Its location in the assembled key is at the lower right (304).  In operation, the spring presses the lever plate float against the lever support, and pressing either fingerpiece “rocks” the plate out of position.  The two brass balls maintain the lever in register; they run in polished holes in the support upright that are 0.001 inches oversize. 

      Prior to final finishing and polishing, the key was assembled for a preliminary test.  At the upper left (314), the lever is mounted to the base block; the pendulum and its associated parts are at the upper left (309).  In (306) the pendulum is in place and the key is waiting for the lever magnet arm

to be attached.  The final rough assembly is at the bottom right (302).

        At this stage the key was functional and ready for a quick test, which is shown below.  The reed switch was temporarily placed in the switch tube, and clip leads made the connections to the test oscillator.  The key worked well, and the proper position of the reed switch within the tube was marked.  At this point the key was disassembled for final machining and polishing.

Final Assembly

            The three modules are at the upper left (427), and are assembled as shown (without the pendulum) at the upper right (412).  The wiring between the contacts and the reed switch runs in channels cut in the base (lower left, 435), with ample slack allowed for adjustment of the reed switch position.  The finished key is at the lower right (380).

 Some Final Comments

            Several views of the finished key are shown here.  While the key is quite small, its weight of 9.7 ounces and the rubber feet make it surprisingly stable in use, and it does not need to be held down to keep it in  place.  The speed range is range is from about 10 to 25 words per minute,



with minimal interaction between settings, although some “touching up” at each speed setting made for better sounding CW.  Because of the statically-balanced pendulum, the bug is very insensitive to position – it can operate on its side or upside-down.  While mobile-in-motion CW is a possibility and a temptation, safety considerations argue against this application.
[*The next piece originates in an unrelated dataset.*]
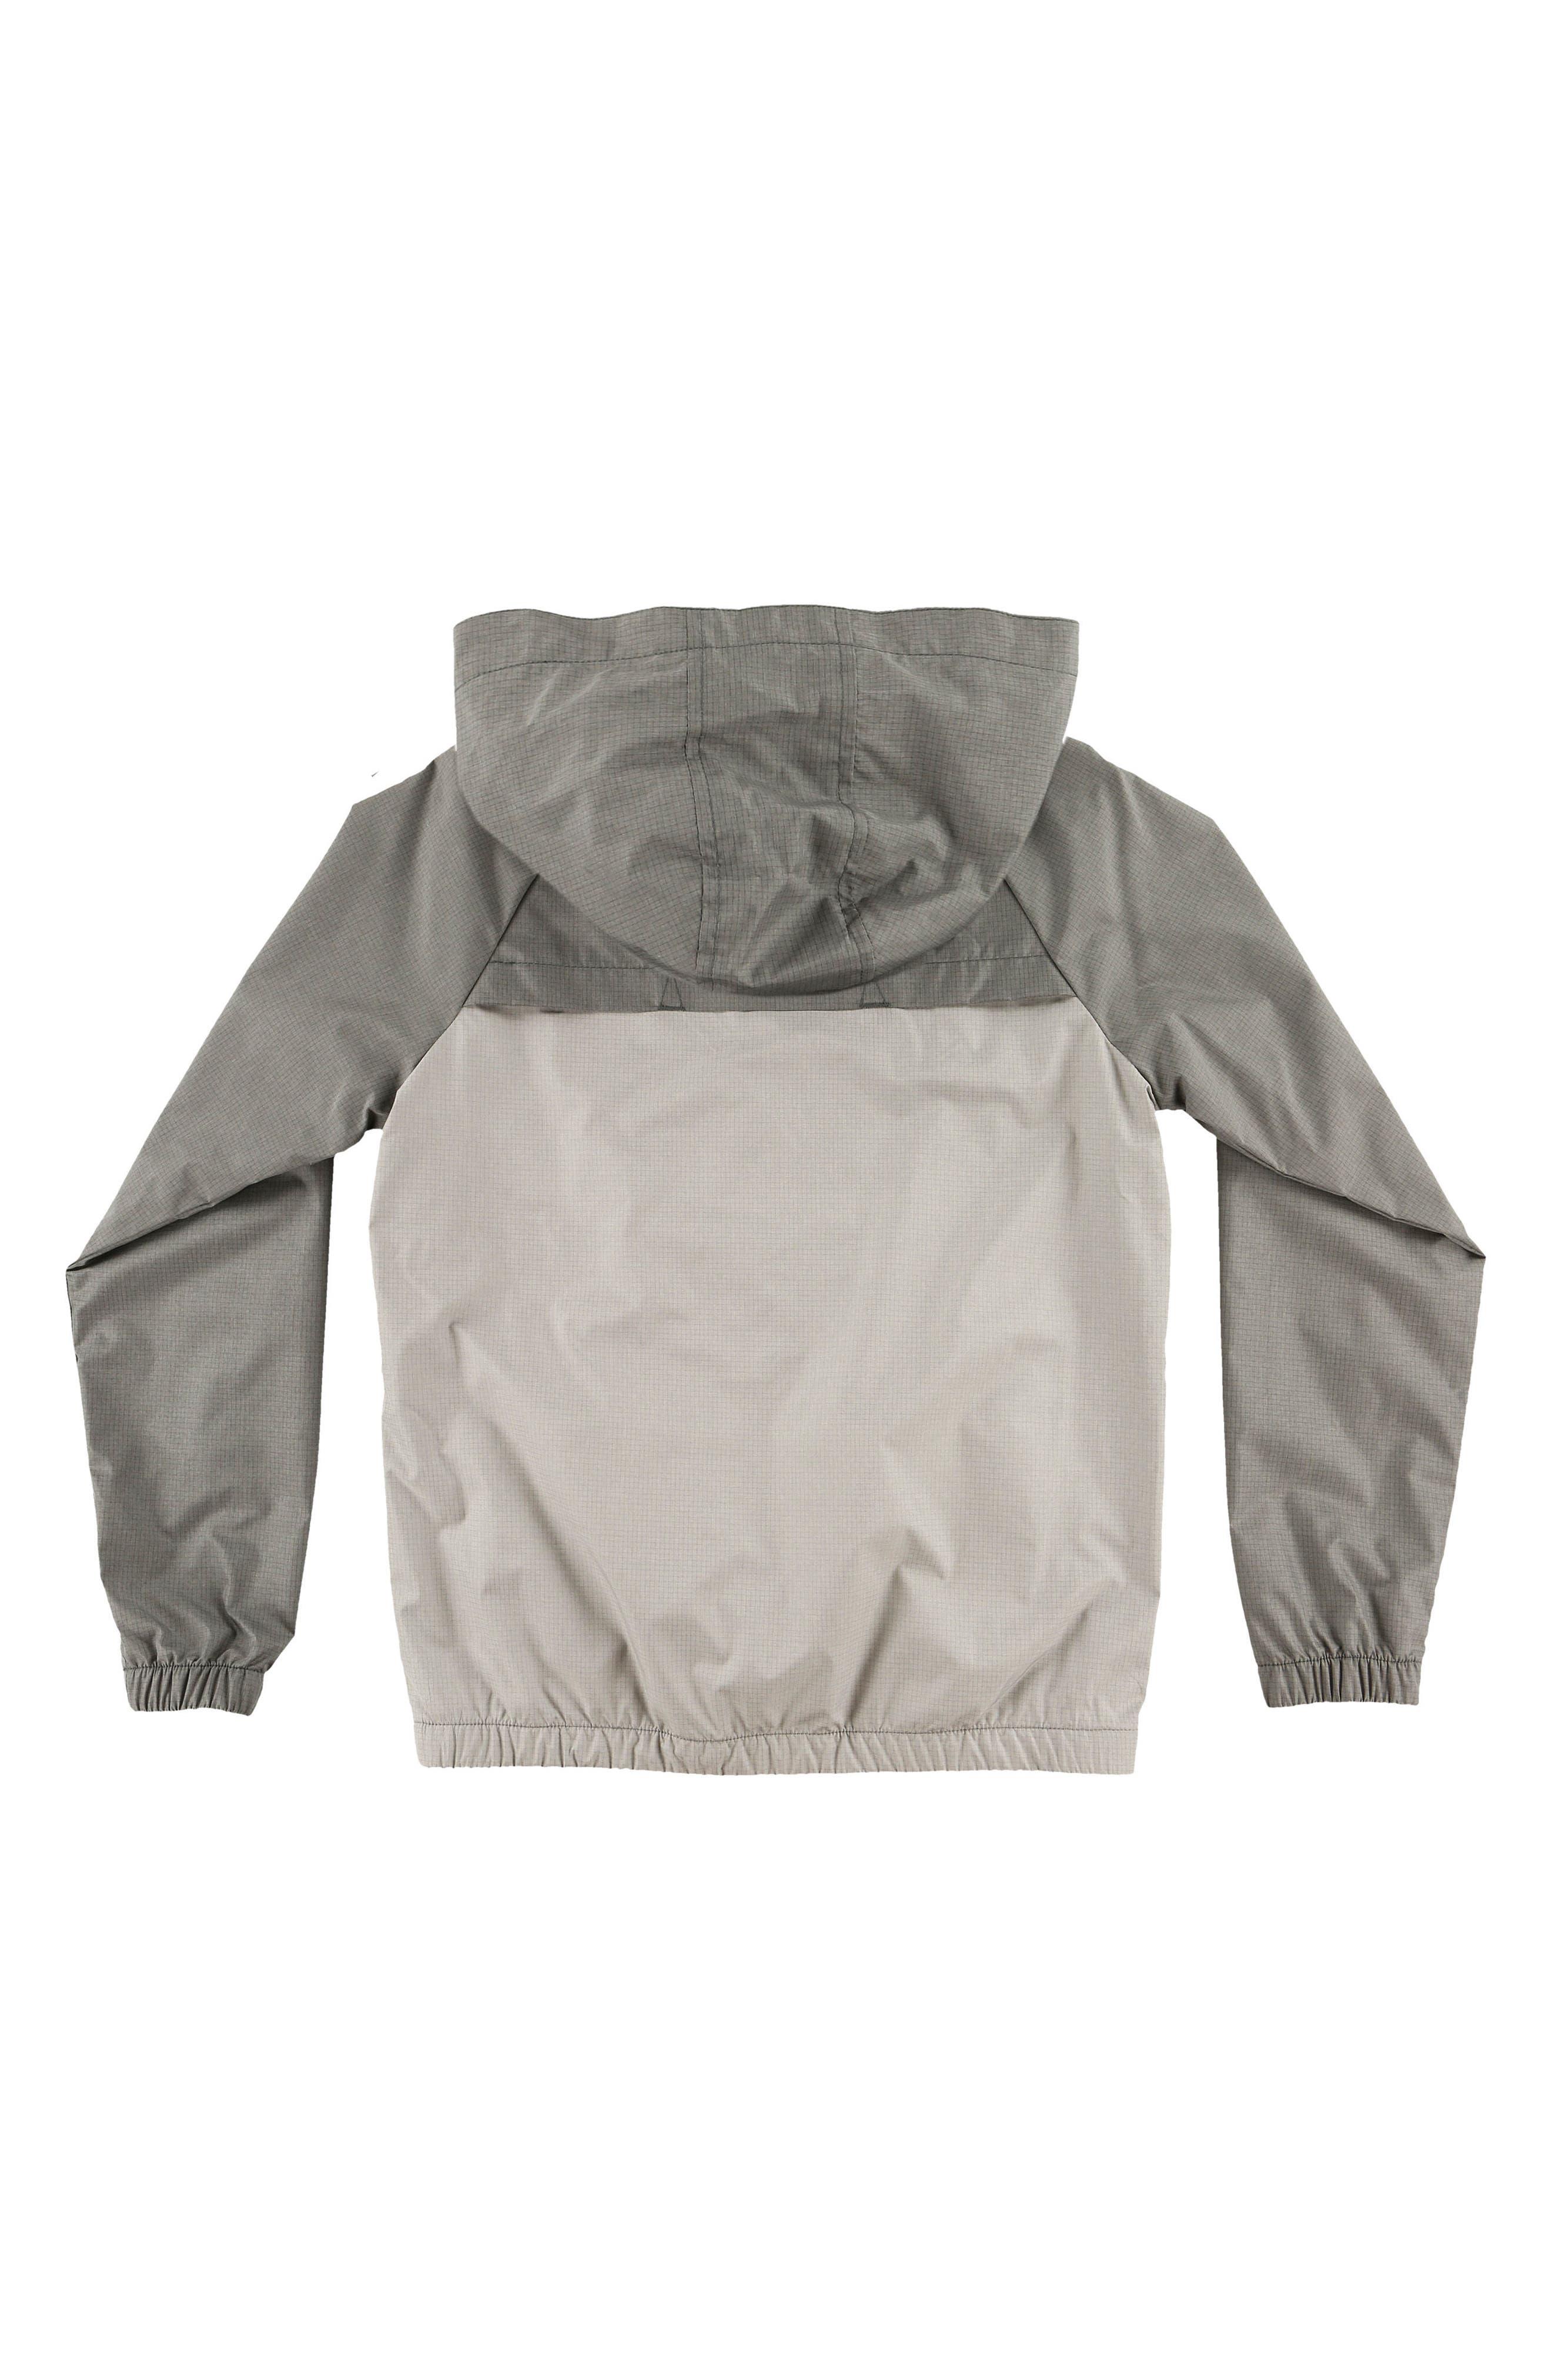 Traveler Packable Windbreaker Jacket,                         Main,                         color, 020

            So how does this bug compare with its predecessors?  The picture above shows it in comparison with the NanoBug III – it is definitely smaller.  The size of the bug, in this configuration at least, seems to have reached a lower limit for a bug that can be used reliably with one hand.  The feel of the bug is like that of Nano III.  In contrast to NanoBug II, it has a well-defined center position; the ball pivots give it a very smooth action.  Paddle travel in the dot direction is comfortably small, unlike Nano I, which required rather large paddle travel and was very sensitive to the position of the bug.  Pico I uses polished aluminum fingerpieces that have minimal drag on the fingers, feeling more like polished wood than the acrylic plastic used on the other bugs.

Eliminating some of the parts of the NanoBug III has resulted in a smaller and lighter instrument with essentially the same feel and performance.  I suppose that this is consistent with the goals of QRP operation.

            There is still room for improvement; the current method for setting the position of the magnet arm makes it subject to being bumped out of position, and this will be remedied in the next try.   A couple of new designs, of roughly the same size but with different arrangements of parts, are in progress, and it remains to be seen if they will be a significant improvement.